「ミーンミーン」「チリンチリン」…夏の思い出の音の秘密とは

本記事は、2009年8月31日に掲載された、G-Search sideB記事を再掲載しています。

ミーンミーンとセミが鳴き、チリンチリンと風鈴の音が響く庭先で縁に座りザクザクとカキ氷を食べる。ブラウン管の向こう側で金属バットのカキーンという音が鳴れば、ワーワーという歓声が沸きあがる。ぐっすりと昼寝をした後には、カランカランと麦茶を飲みながら夕涼み。

ワンワンと吠える犬を散歩に連れて行き、ヘトヘトになって帰ってくると、シュワーとグラスにコークを注ぎグイっと一気飲み。ザブーンと湯船に飛び込み、夕食のカレーをペロリと平らげると宿題も忘れてすやすやと眠る。

カタカタとタイプしながら思い出す、子供のころの夏の記憶。

話は急に変わるが、小学館より出版されている「日本語オノマトペ辞典」(6,300円)なるものをご存知だろうか。今私のもっとも欲しいものの一つであり、書店に行くたびに衝動に駆られている。

何の辞典かというと、普段何気なく使っているチリンチリンとかワンワン、ペロリなどの日本語で言う擬声語の辞典である。オノマトペとはフランス語のonomatopee、英語のonomatopoeia(オノマトピア)のことで、日本語に訳せば擬声語となる。
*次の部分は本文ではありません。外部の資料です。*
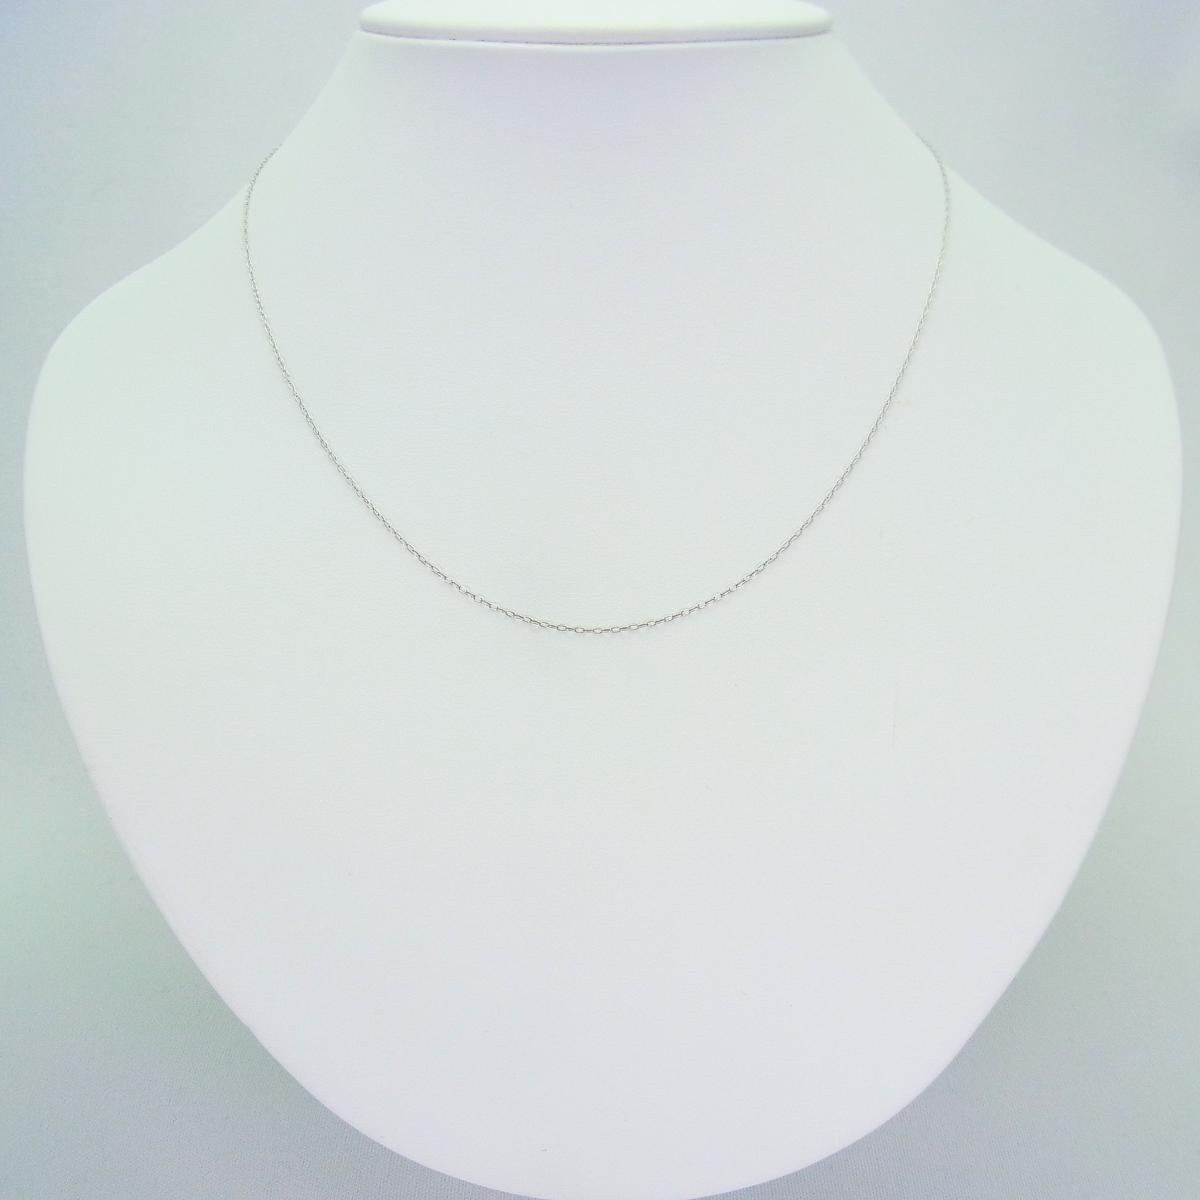 Pt850(プラチナ850) アズキ チェーン 45cm[ch-23]
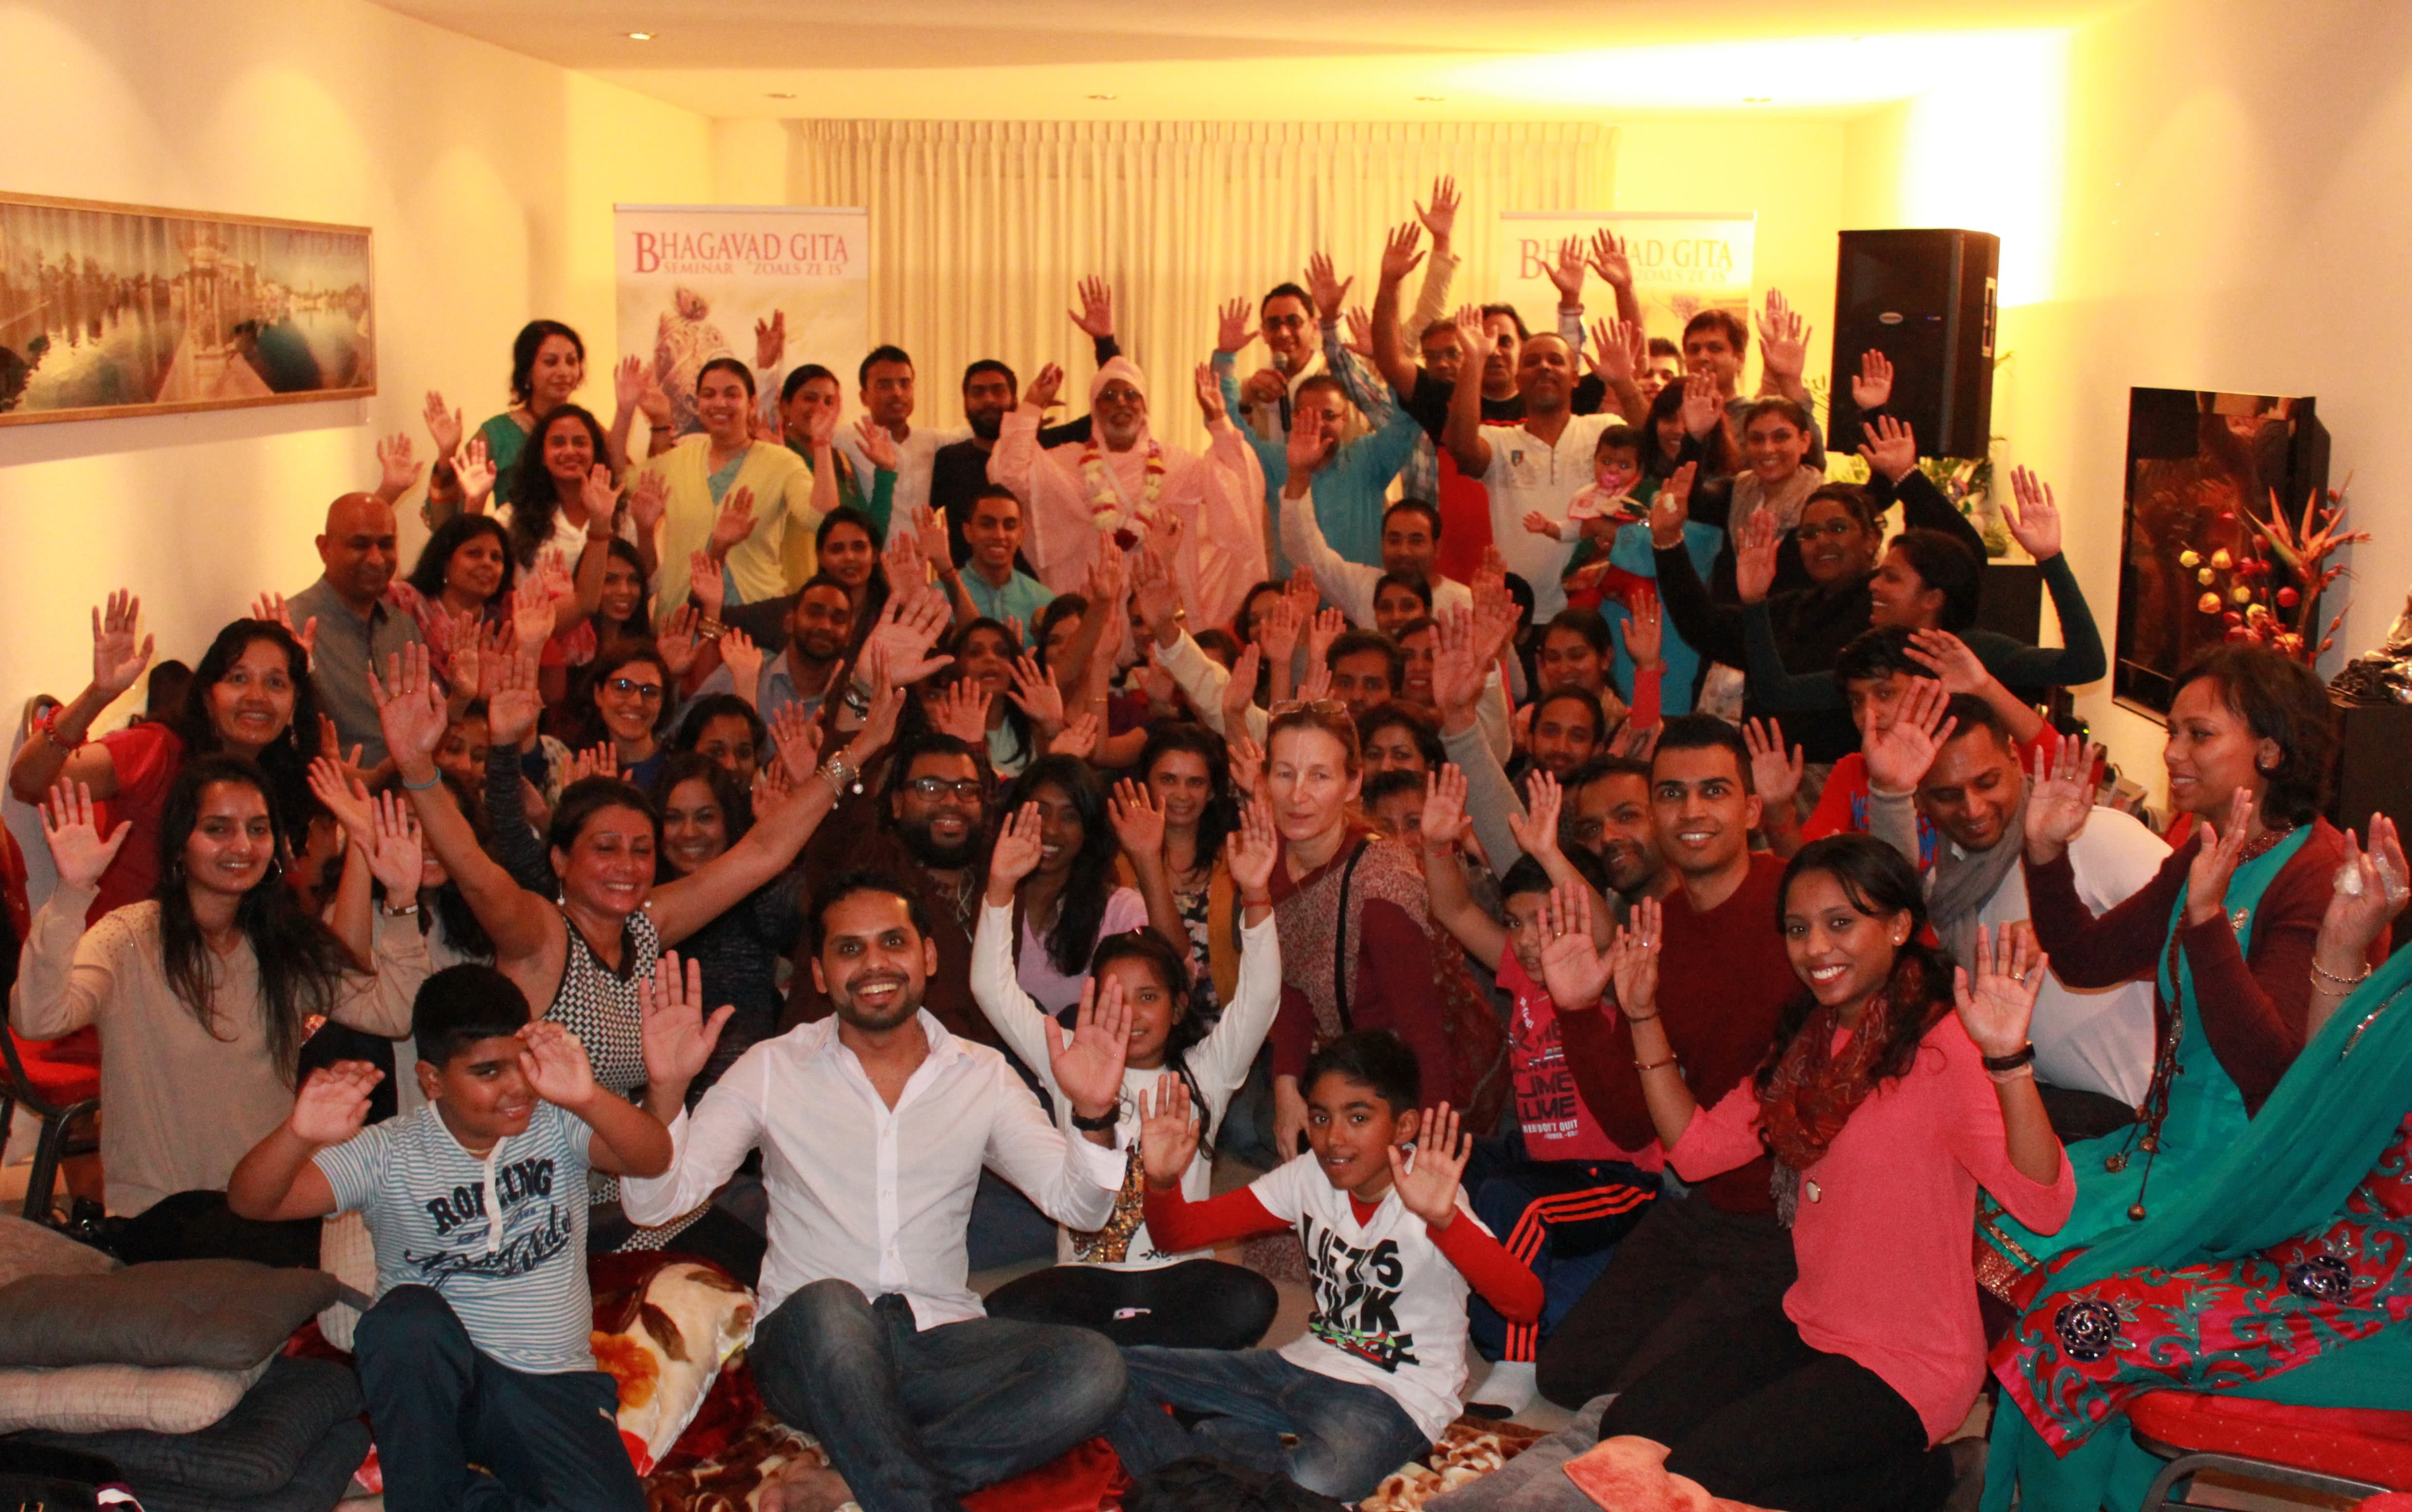 Citaten Uit Bhagavad Gita : Een ervaring op het bhagavad gita seminar

これ以降は音がいいのでオノマトペを使わせていただく。

さっそくG-Searchの『新聞・雑誌記事横断検索』オノマトペに関する記事を調べてみる。

日本語とオノマトペ

日本語にはオノマトペがどっさりあって、文学ではそれが生き生きとした描写に欠かせない。しかし、一般に英独仏などの言語にはそういった語彙が乏しいため、欧米文学の翻訳家は、原文にないオノマトペをちりばめることによって「こなれた」訳文を作ることができるが、逆にオノマトペだらけの日本語を欧米の言語に訳すとなるとたいへんだそうだ。

オノマトペというのは感覚的な表現で、論理的に意味を特定しようとしても、定義をつるりとすり抜けてしまうという意見さえある。日本語の「もやもや」「ひやひや」「キャピキャピ」「ラブラブ」などはどうしても訳すことが難しいそうだ。

意味を伝えることはできそうだが、オノマトペの楽しさは音の響きとニュアンスが一致している表現にあると思うので、日本語以外で表現することはできないのではないか。海外の方には日本語の感覚を理解した上で、使用していただく他ないようだ。

詩とオノマトペ

仏文学者の宇佐美斉さんは「フランス語になった中原中也」と題した講演の中で、翻訳者であるイブ=マリ・アリューさんの翻訳作業の様子を語り、「ゆあーん、ゆよーん ゆやゆよん」というような中也詩独特のオノマトペを、他国語に置き換えることがいかに困難であったかを語ることで、逆に中也詩のもつオリジナリティーを浮かびあがらせた。

オノマトペは文学の中では著者の世界観を表現する上で欠かせないが、特に詩や短歌などで使われることが多い。中原中也は詩の世界ではその第一人者でもあり、1世紀近く前から独特のオノマトペを使用していることで知られる。また、小林秀雄の「詩は詩といふ独立の世界を目指すが、小説は人生の意匠と妥協する」という言葉にもあるとおり、独立した表現を探し求める詩人にとって、オノマトペを追求するのは自然な流れかもしれない。

天才とオノマトペ

ここまでオノマトペがゆるい表現であるにも関わらず文学に欠かせない表現として語ってきたが、オノマトペを語る上で欠かせない人物が2人いる。

漫画の世界ではオノマトペが頻繁に使われているが、初めてオノマトペを漫画に取り入れたのは手塚治虫である。手塚さんは漫画を追及し、それまでにないコマ割りを新しく考え出したが、絵と人物の言葉以外に世界を描写する方法としてオノマトペを取り入れたようだ。

もう一人は、長嶋茂雄である。長嶋さんのコメントにはオノマトペが欠かせない。語りつくされているが、少年野球教室の指導で、「球がこうスッと来るだろ」「そこをグゥーッと構えて腰をガッとする」「あとはバァッといってガーンと打つんだ」と語ったのはあまりにも有名な話。天才にしか理解できない表現ですし、見えてる世界が違うのだろう。

私のような凡人でも生活にオノマトペを取り入れれば、世界がくるりと180度変わるかもしれない。